While I do not remember the exact content of the questions, nor would I divulge that information here if I did, I do recall that there were many short and sweet scenario based questions, like no longer than a sentence or two. The “A through D” multiple choice answers were such that I would narrow them down to two or so, sometime even three, and I still agonized over the right choice. The NREMT didn’t seem to ask me any straightforward answers, like “What’s the name of this bone?” or “How many breaths for minute for this baby?”, instead the NREMT felt like it was asking me questions as if I should already know all the basic stuff, which as an EMT-B you should. There’s not going to be any multiple choice boxes on a real patient. The test threw out terms and situations that seemed to assume that I knew all the bones, that I knew the ABC’s, that I knew how to treat pediatric emergencies. This was just my experience, though.
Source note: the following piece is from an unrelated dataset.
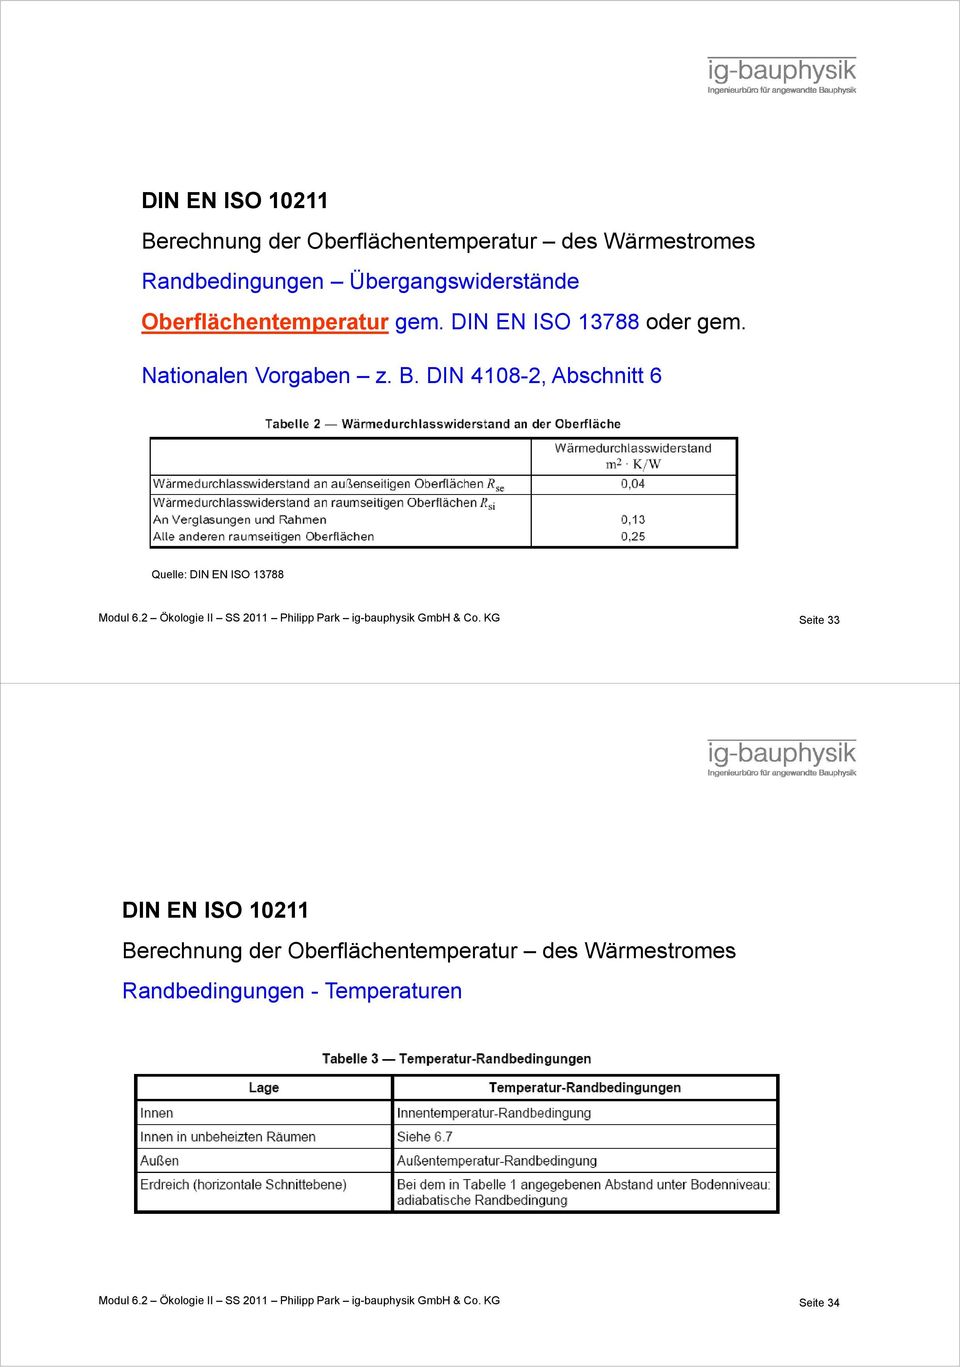 DIN 4108-2, Abschnitt 6 Quelle: DIN EN ISO 13788 Modul 6.2 Ökologie II SS 2011 Philipp Park ig-bauphysik GmbH & Co.

I studied my butt off for the NREMT. Maybe the the questions were so hard because I knew my stuff! For me the test stopped after 70 questions. When I walked out of the testing center I though I had gone down in flames. 70 questions? My thinking then was that I had done so poorly that the computer ended the test early because I sucked so bad. When I saw that I had passed, I couldn’t believe it. I thought I had blown it. I later found out that sometimes the test stops after 70 questions because the testing algorithm has determined “minimum competency.”

I’d like to think I passed because I studied so hard. I used the study techniques I outlined on this site as well. I studied in groups. My partners and I would work together to answer as many multiple choice questions as we could without looking at the possible answers. Sometimes we were way off, but usually we would be right on. I also decided to create this site. Writing multiple choice questions helped me to really wrap my head around this information. Anyway, that’s my NREMT story.